How can I talk to clients about the uncertainty in models? I recently had a client who wanted to find the lowest cost solution of several design options. Some of the options performed very similarly, probably within the simulation’s margin of error. I want to explain to clients like this that I can’t guarantee one “best” option, but I don’t want to sound like I lack confidence in my models.
– Uncertain in Urbana
My first instinct is to recommend that you bang loudly on your client’s desk while shouting the aphorism (generally attributed to the statistician George Box), ‘ALL MODELS ARE WRONG BUT SOME ARE USEFUL!!!!! ALL MODELS ARE WRONG BUT SOME ARE USEFUL!!!!!’
In case this approach is a bit heavy-handed, here are some practical suggestions to help bridge the modeling gap and help your client have more faith in the uncertain world of energy simulations:
Know your client
This might seem obvious, but it’s important to be aware of your client’s areas of technical acumen. Are they well-versed in HVAC or are they coming from more of a financial background? How interested are they really in digging into an energy model’s minutiae? The answer might surprise you.
Knowing how to read the room is essential; just as it’s important to not be overly-technical when communicating modeled results, it’s also important not to sound like you’re being dismissive of what could be a well-informed concern.
Consider using ranges for reported results
An ECM table that shows savings of $565, $823, $592, and $763 per year is probably too granular for a mid-to-large-size building. In cases of small relative savings, a range of $500-$1,000 (or even establishing a lower boundary like <$2,000) might be more appropriate.
By presenting savings as appropriately-binned ranges or thresholds, you’ll bring the inherent uncertainty of modeling into focus, and you’ll also save your client the eye-strain of parsing through a sea of insignificant single-digit values.
Don’t blame everything on uncertainty (aka: “maybe you just screwed up”)

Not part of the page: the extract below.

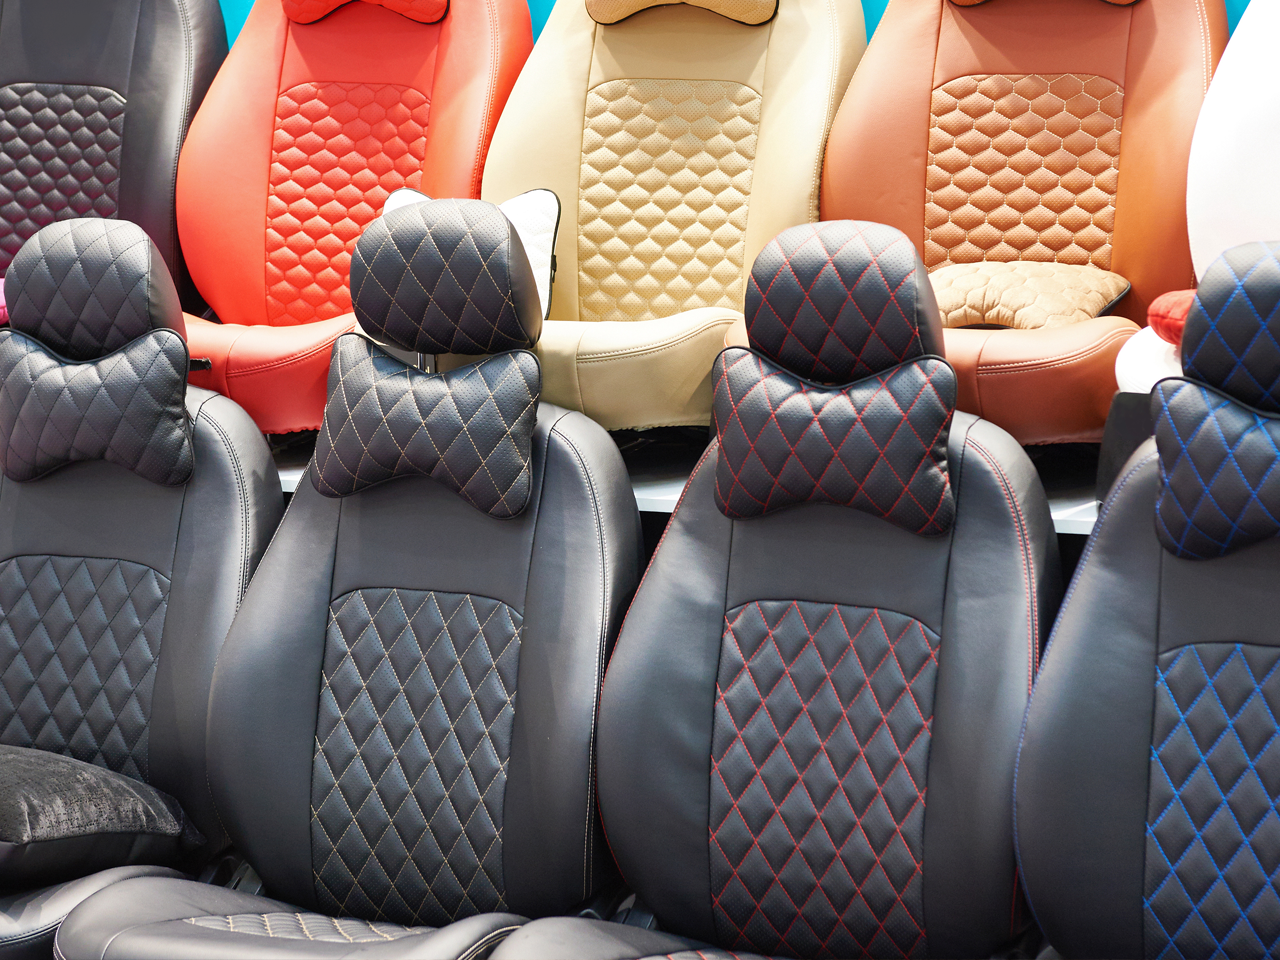 3 Pcs Universal Automotive Seat Covers Full Set masubons Car Seat Cushion Full Set Breathable Anti-Slip Car Seat Covers Cushions for Auto Supplies Interior Fit for SUV/Truck/Sedan Beige

Woe betide the modeler who fell back on the nebulous “statistical uncertainty” excuse when their plant reports showed a chiller peaking at a COP of 42 because of a condenser water controls typo, and their client noticed it before they did.
We’re all used to seeing counterintuitive results, but there’s a big difference between counterintuitive and physically impossible. If your client trusts that you’ll own up to a fat-finger mistake rather than muddying the waters with implausible jargon, they’ll be more likely to trust you when you make an articulate case for a truly unanticipated (and potentially informative) result.
When all else fails: Don’t be afraid to get wonky
Sometimes, the best answer might just be to actually talk to them about uncertainty.
It’s probably not a great idea to kick off a design charrette with a dissertation on sensitivity studies and ASHRAE Standard 140, but it doesn’t hurt to have some higher-level technical literacy in your back pocket if you’re really getting pressed on your results. Talk to your client about variation in weather files or unpredictable infiltration rates, day-two occupancy changes or altered controls sequences. Talk to them about whatever you need to in order to help them understand that you’re working with a model—and that no model will perfectly represent reality. But if you’ve done your job, it will at least be useful.